You will be given 20 minutes to complete this quiz. Use your time wisely.
HINTS:
- Neatness and grammar is important. We will ignore all notes or code we can not read or understand.
- Read the entire quiz from beginning to end before starting. Not all questions are equal in points vs. time so plan your time accordingly.
- Some of the information provided my be a distraction. Do not assume you need to understand everything written to answer the questions.
- Spaces for answers are provided. Delete the prompting text such as "Put your answer to the above question here" and replace it with your answer. Do not leave the prompting text with your answer.
- Do not assume that the answer must be in the same format of the cell provided. Feel free to change the cell formatting (e.g., markdown to code, and vice versa) or add additional cells as needed to provide your answer.
- When a question asks for an answer "in your own words" it is still okay to search the Internet for the answer as a reminder. However, we would like you to do more than cut and paste. Make the answer your own.
- If you get stuck, try not to leave an answer blank.
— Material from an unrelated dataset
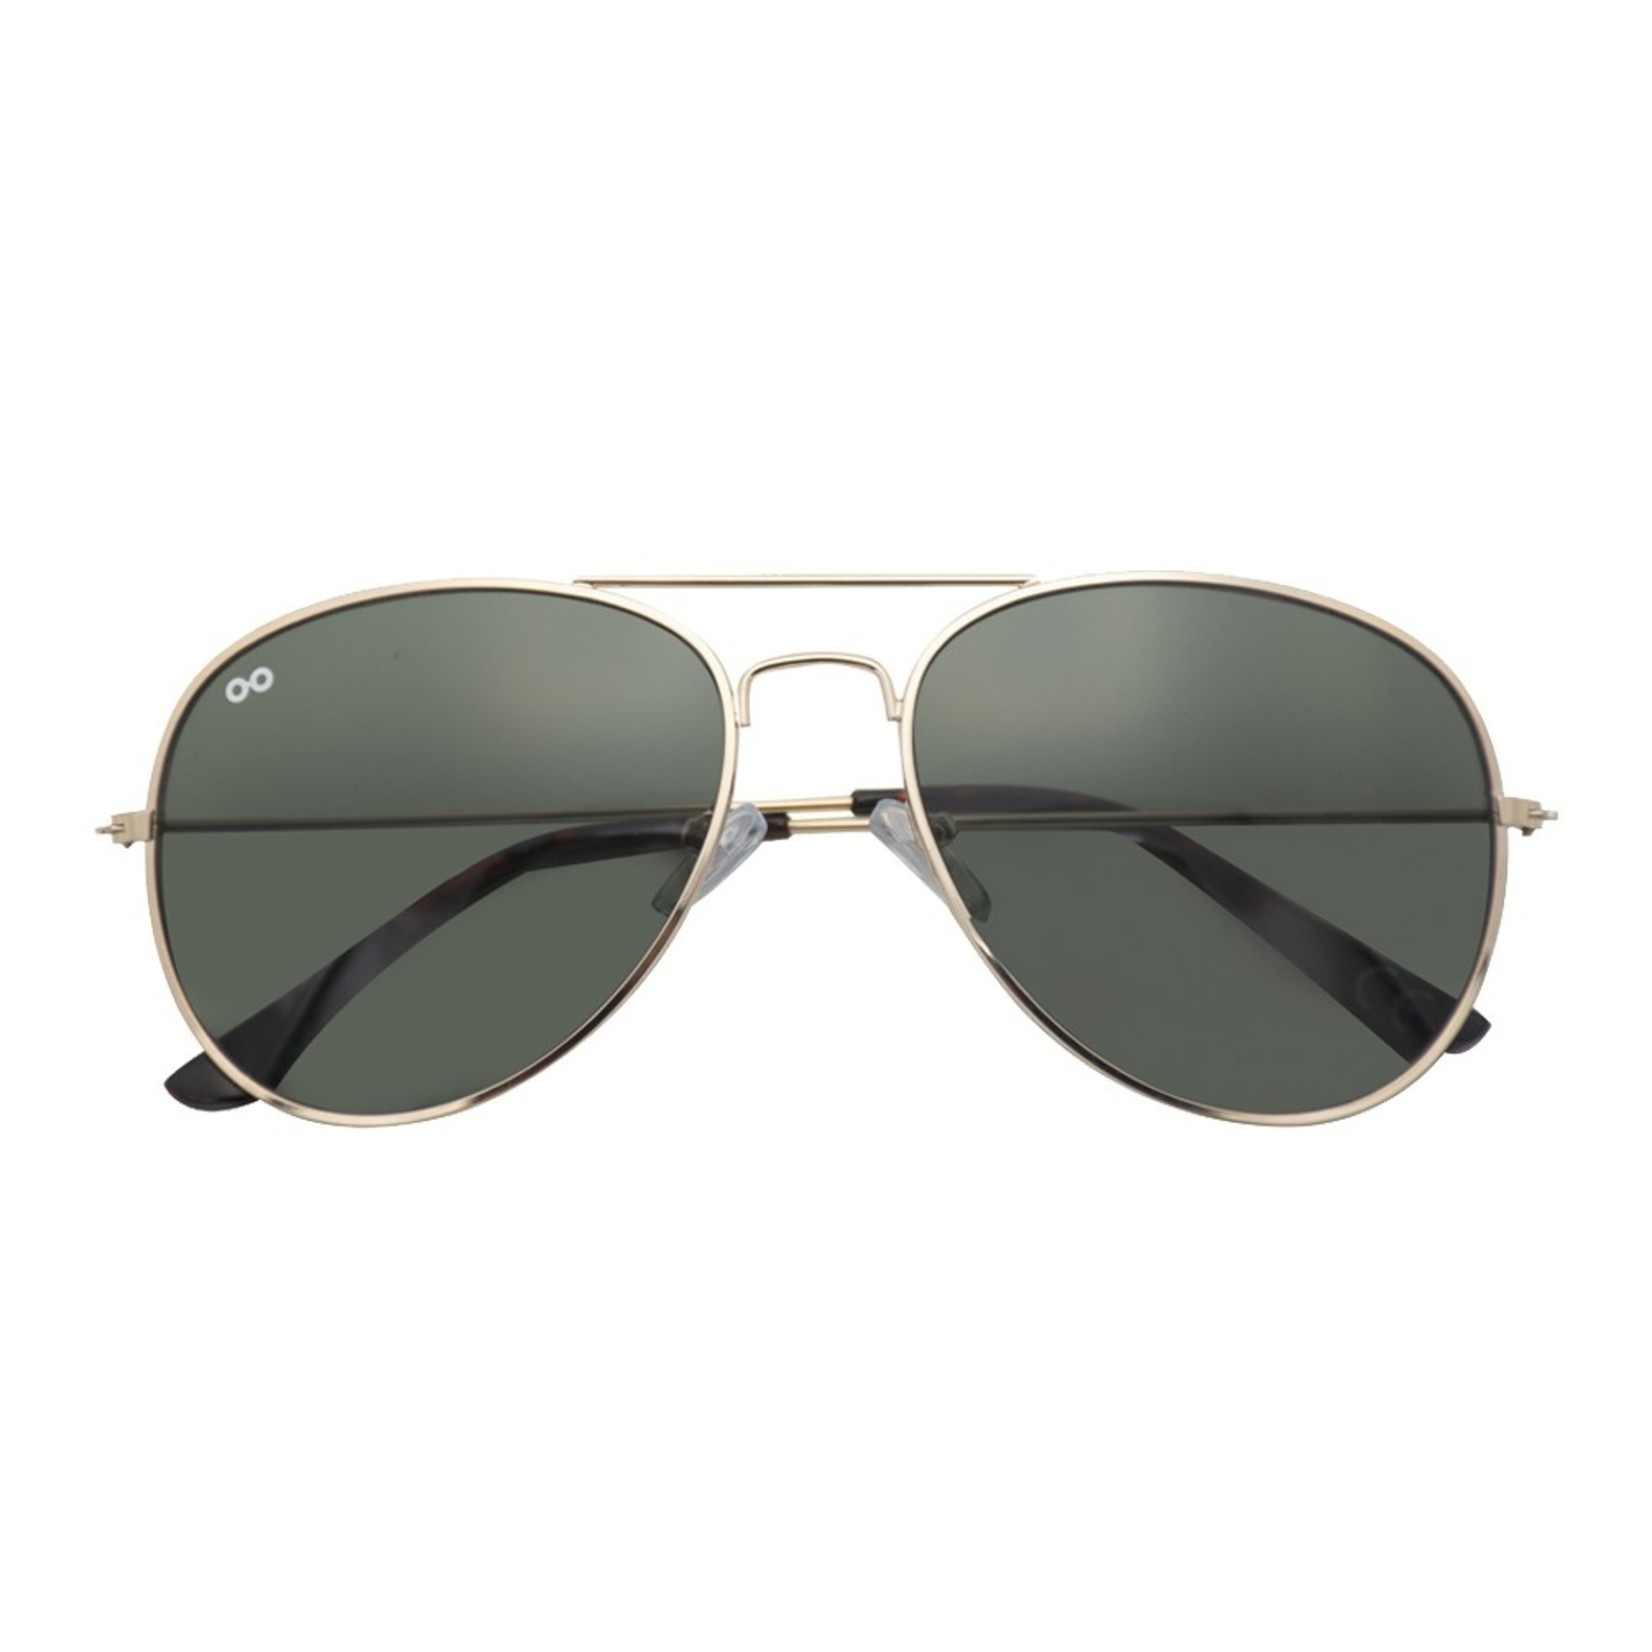 Croon Scott Shiny Gold/Green zonnebril pilotenbril

It is better to include some notes or stub functions so we have an idea about your thinking process so we can give you partial credit.
- Always provid links to any references you find helpful.
- Feel free to delete the provided check marks (✅) as a way to keep track of which questions you have successfully completed.
Honor Code
I, agree to neither give nor receive any help on this quiz from other people. I also understand that providing answers to questions on this quiz to other students is also an academic misconduct violation as is live communication or receiving answers to questions on this quiz from other people. It is important to me to be a person of integrity and that means that ALL ANSWERS on this quiz are my answers.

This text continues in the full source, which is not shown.